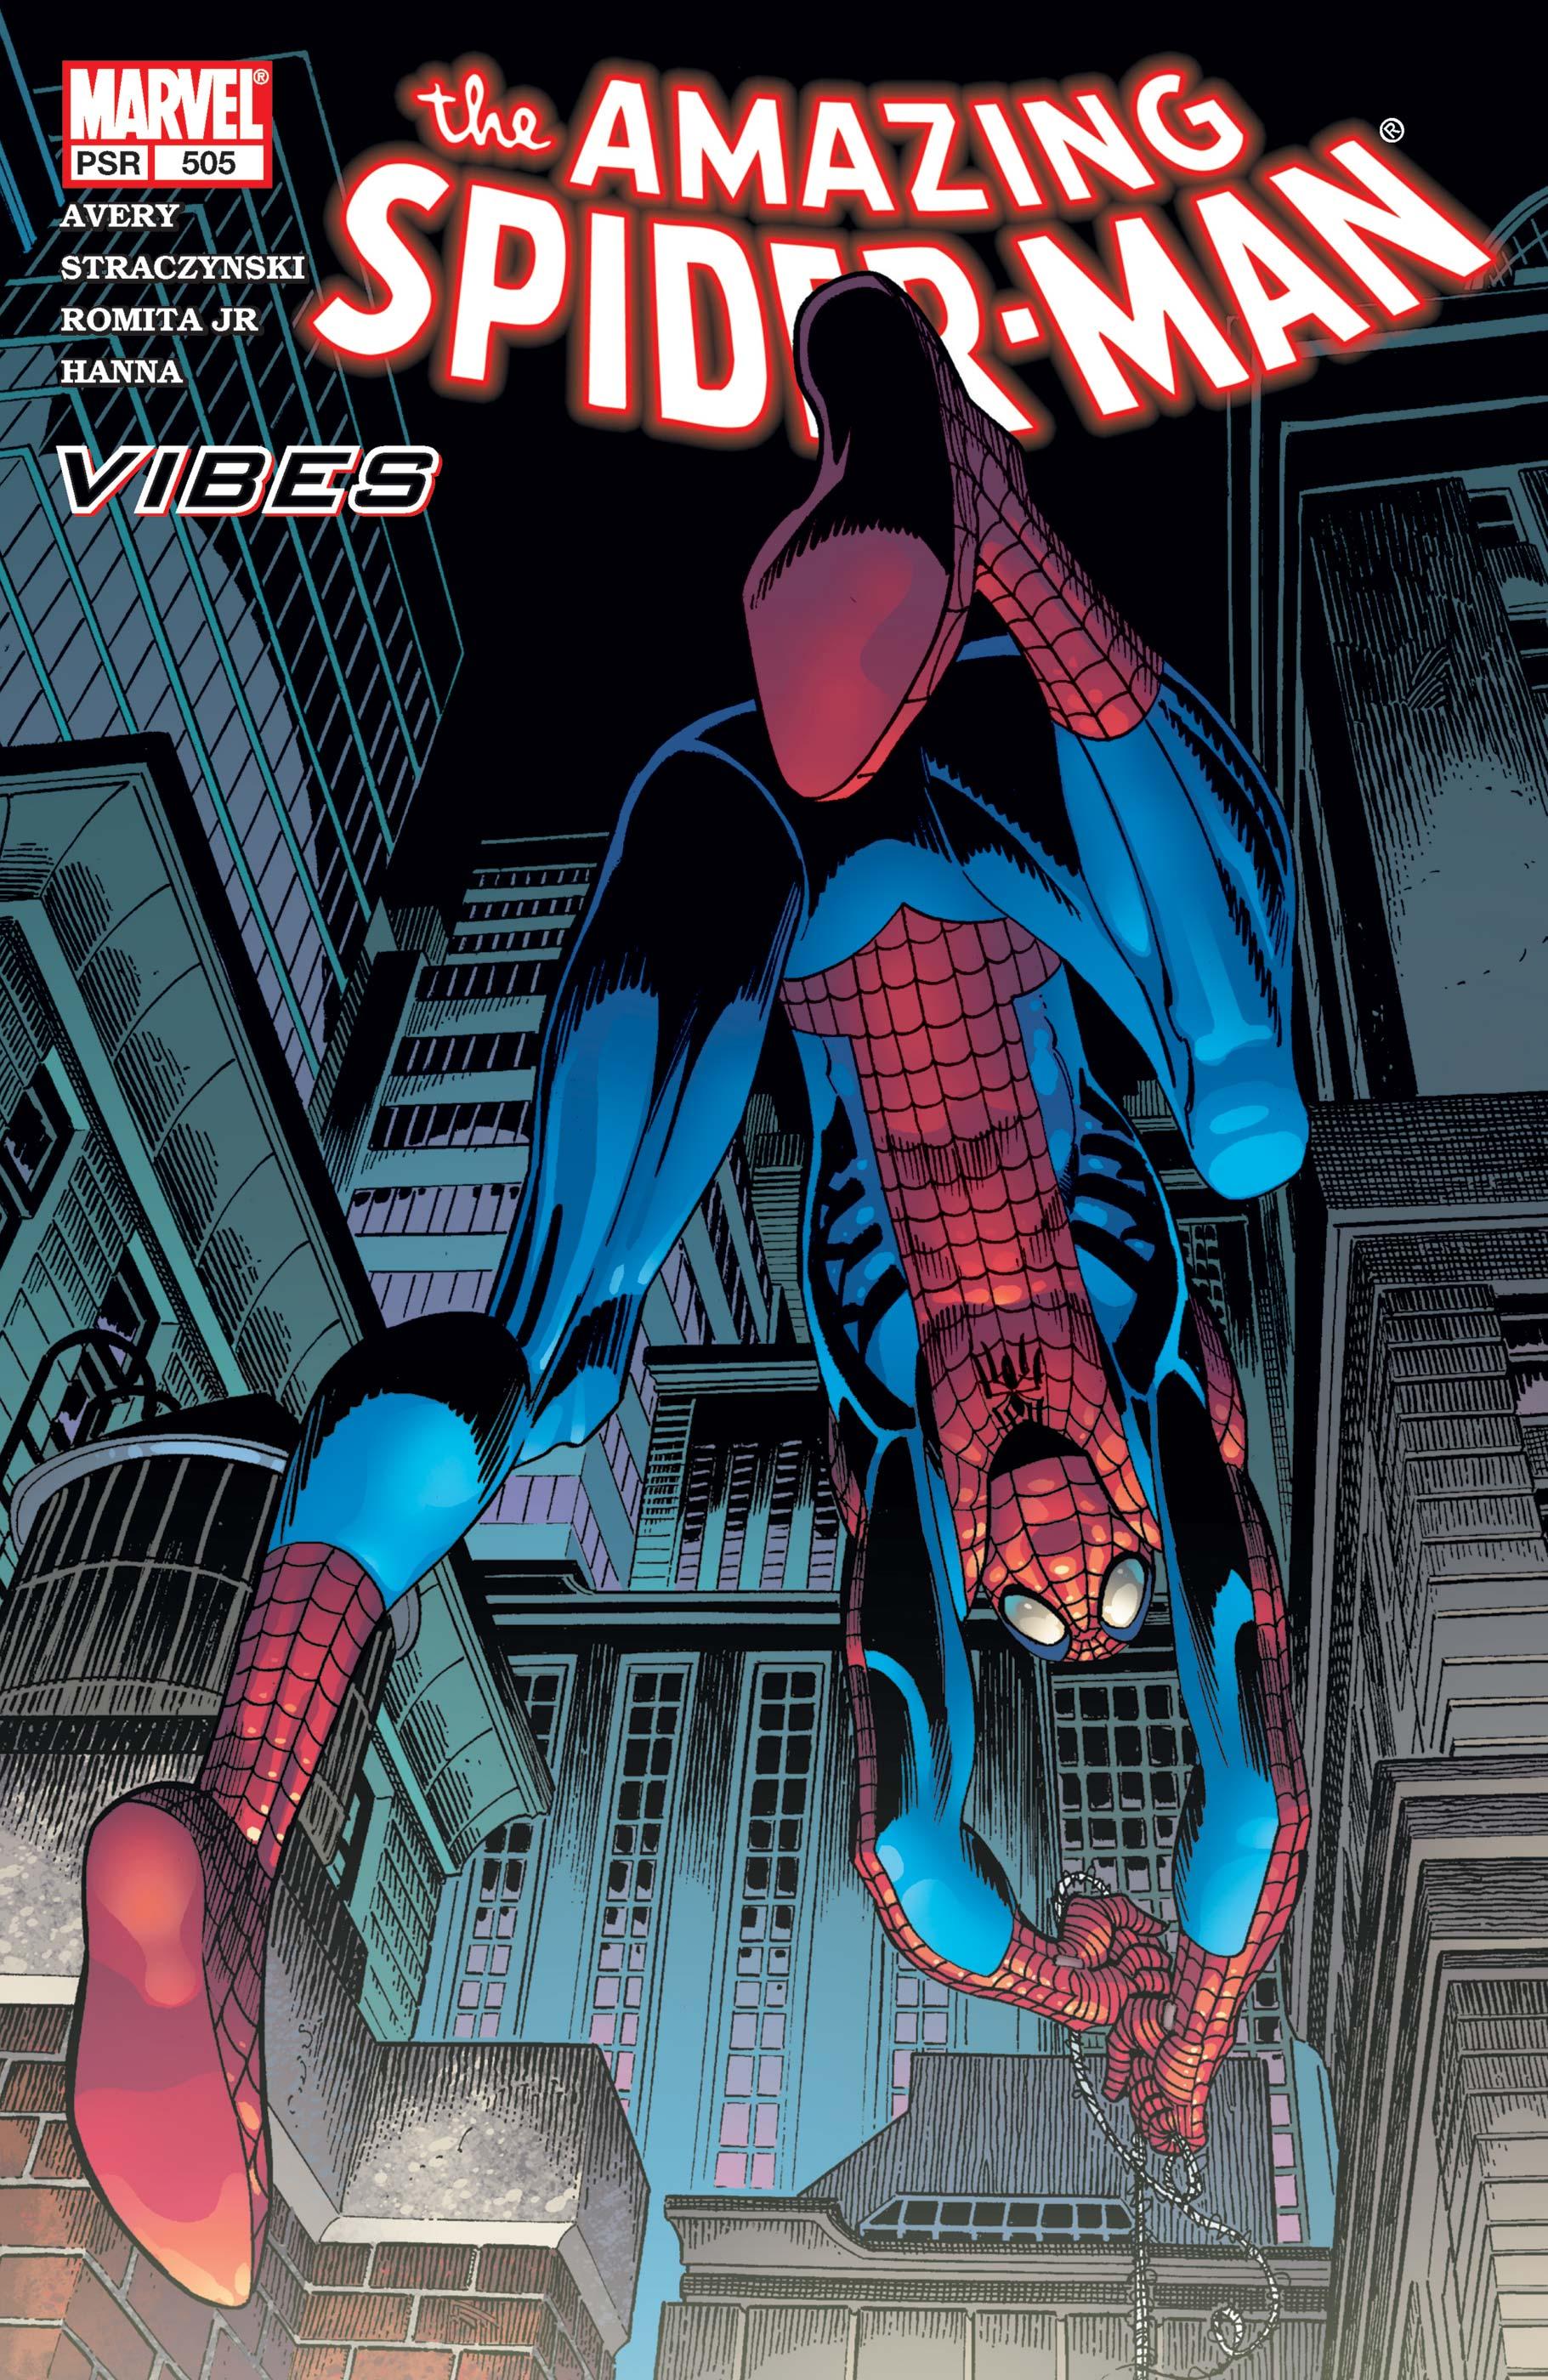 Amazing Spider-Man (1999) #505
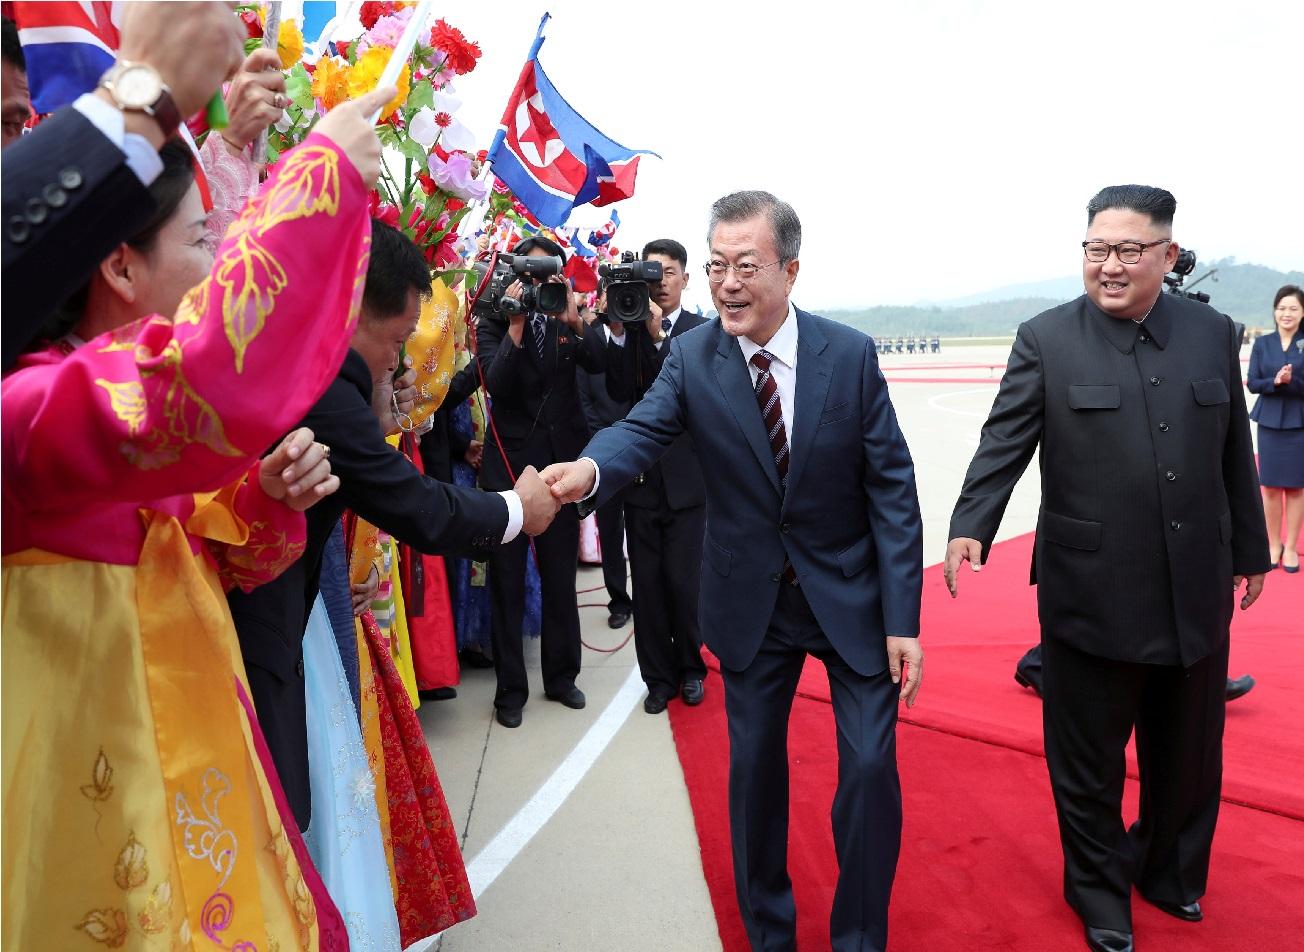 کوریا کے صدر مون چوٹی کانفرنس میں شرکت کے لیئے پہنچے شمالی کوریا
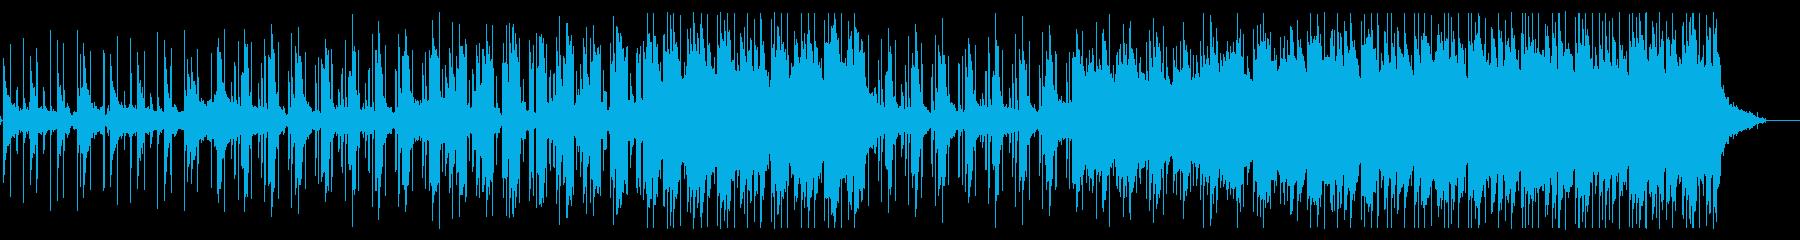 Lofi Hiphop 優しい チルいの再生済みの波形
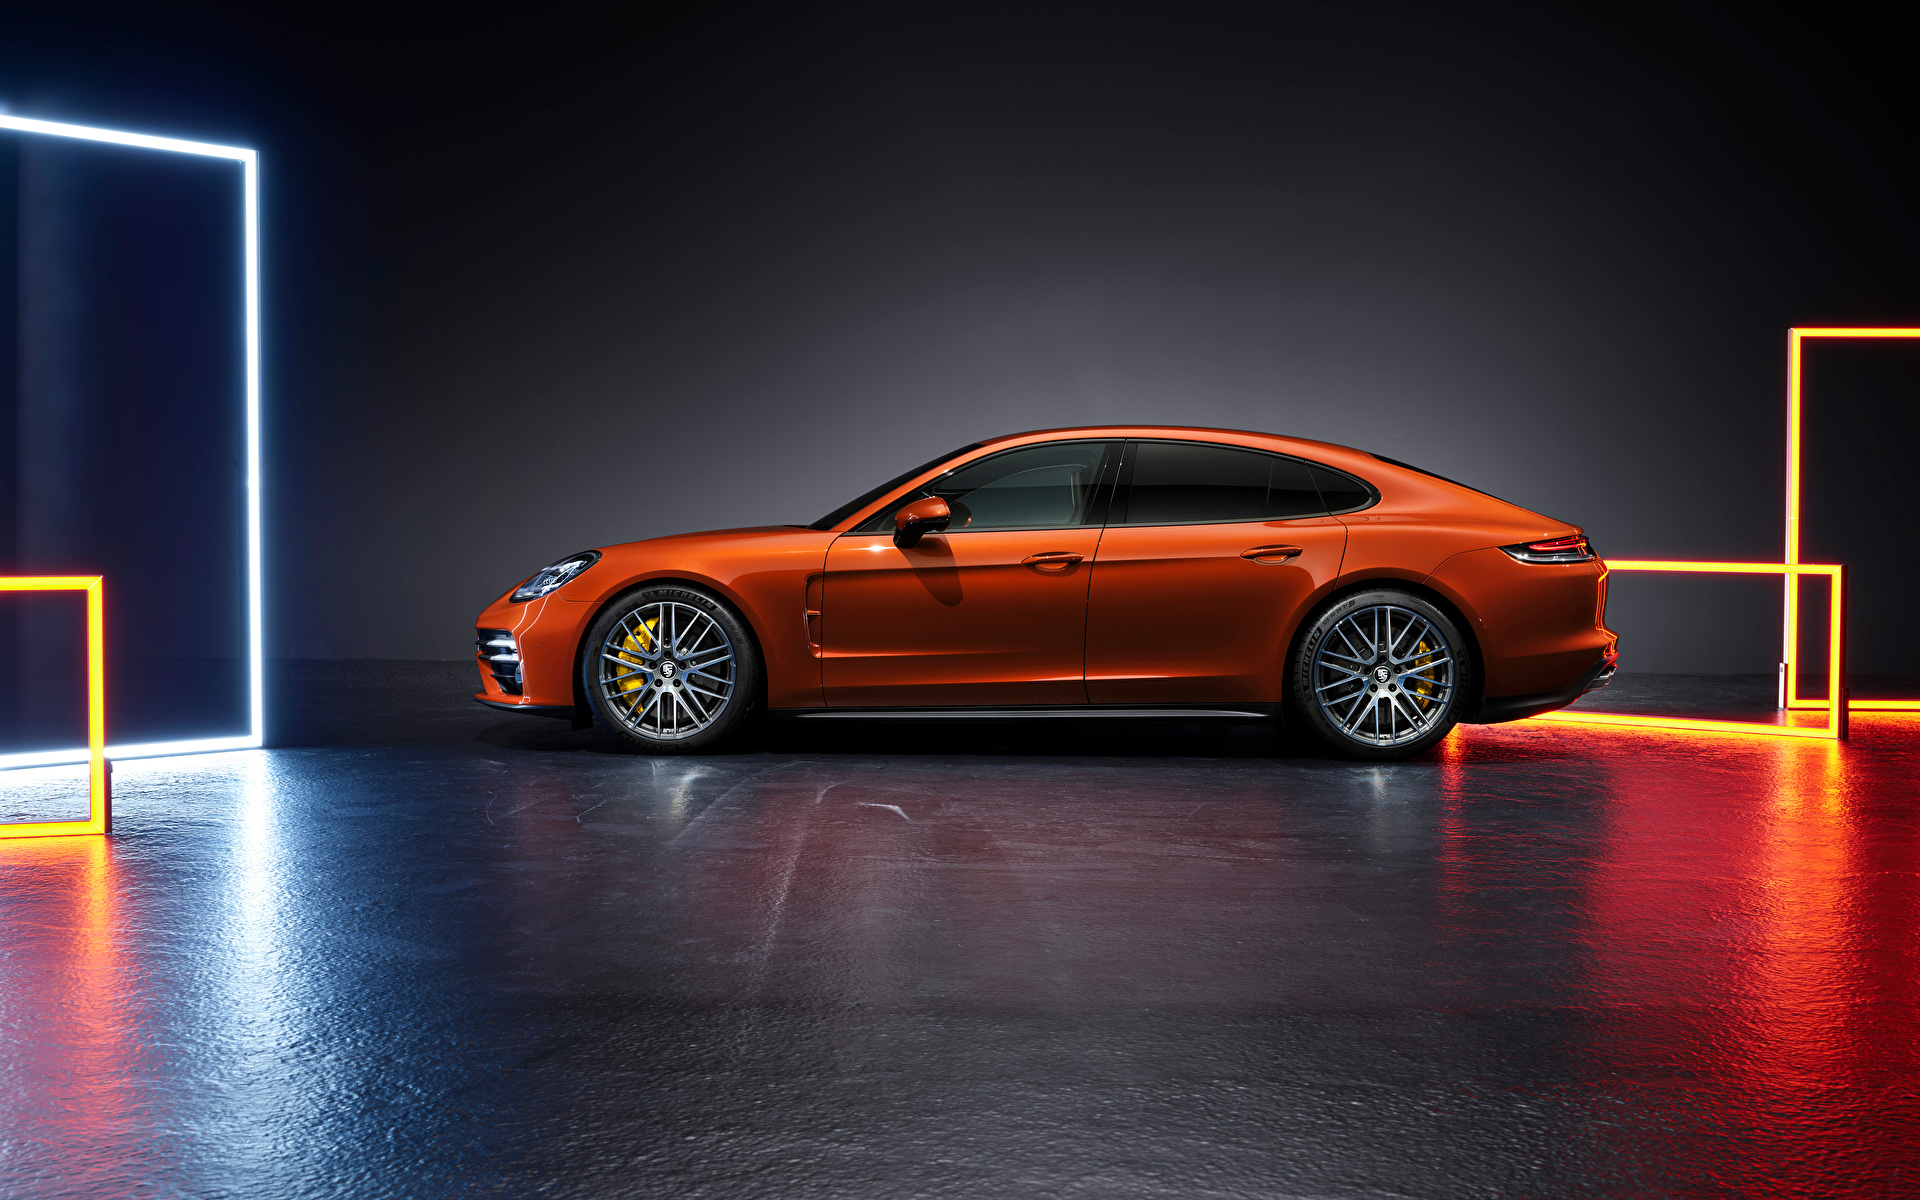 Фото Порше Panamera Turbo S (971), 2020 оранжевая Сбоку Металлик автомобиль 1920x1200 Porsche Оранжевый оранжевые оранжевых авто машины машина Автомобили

------------------------------

**What the exercise asks**
Output the material above exactly, without pictures.

**Solved problem**
 Amazing Spider-Man (1999) #505
 کوریا کے صدر مون چوٹی کانفرنس میں شرکت کے لیئے پہنچے شمالی کوریا
 Lofi Hiphop 優しい チルいの再生済みの波形
 Фото Порше Panamera Turbo S (971), 2020 оранжевая Сбоку Металлик автомобиль 1920x1200 Porsche Оранжевый оранжевые оранжевых авто машины машина Автомобили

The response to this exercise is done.